Is the subspace topology of the product topology the initial topology with respect to the restrictions of the projection maps?

Question

Let $I$ be an index set, $X_i$ be a topological space for each $i \in I$ and $X = \prod_{i \in I} X_i$ the product of all $X_i$. Then the product topology is exactly the initial topology with respect to the canonical projections $\pi_i: X \to X_i$.

Let $A$ be a topological subspace of $X$ (i.e. $A$ has the subspace topology in $X$) and $\varphi_i$ are the restriciton of the projections $\pi_i$ on $A$.
Question: Is $A$ the initial topology with respect to the maps $\varphi_i$?

I think that the arguments which I need can be found in this nice explanation of Henno Brandsma, but I am unable to convert it into a line of reasoning which convinces me. Could you please answer my question and give an explanation? Thank you!

Answer 1

It's a special case of the transitive law of initial topologies, which is shown in my linked answer:

$A$ has the initial topology wrt $i_A: A \to X$.

$X$ has the initial topology wrt the maps $\pi_i: X \to X_i, i \in I$.

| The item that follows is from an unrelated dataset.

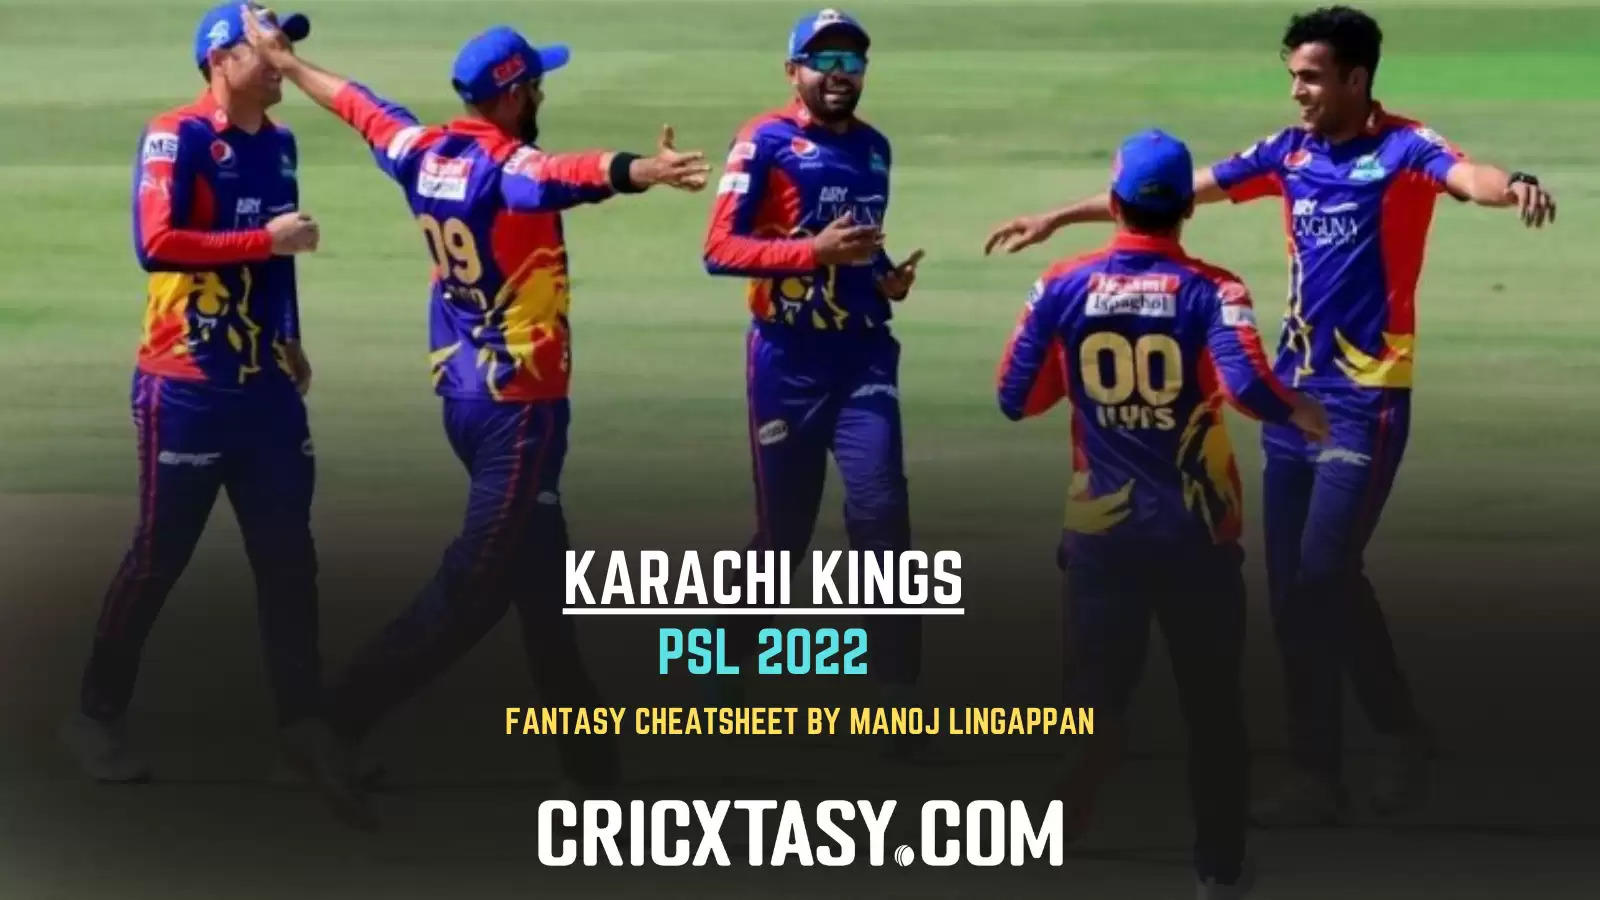 Pakistan Super League 2022: Karachi Kings Fantasy CheatSheet for PSL 2022

It follows that $A$ has the initial topology wrt the maps $\pi_i \circ i_A: A \to X_i, i \in I$, and $\pi_i \circ i_A$ is exactly $\varphi_i=\pi_i|_A$.

In that answer the original question was whether on $A=\prod_i A_i$ the product topology of subspace topologies coincides with the subspace topology of the large product, but the same law answers both questions.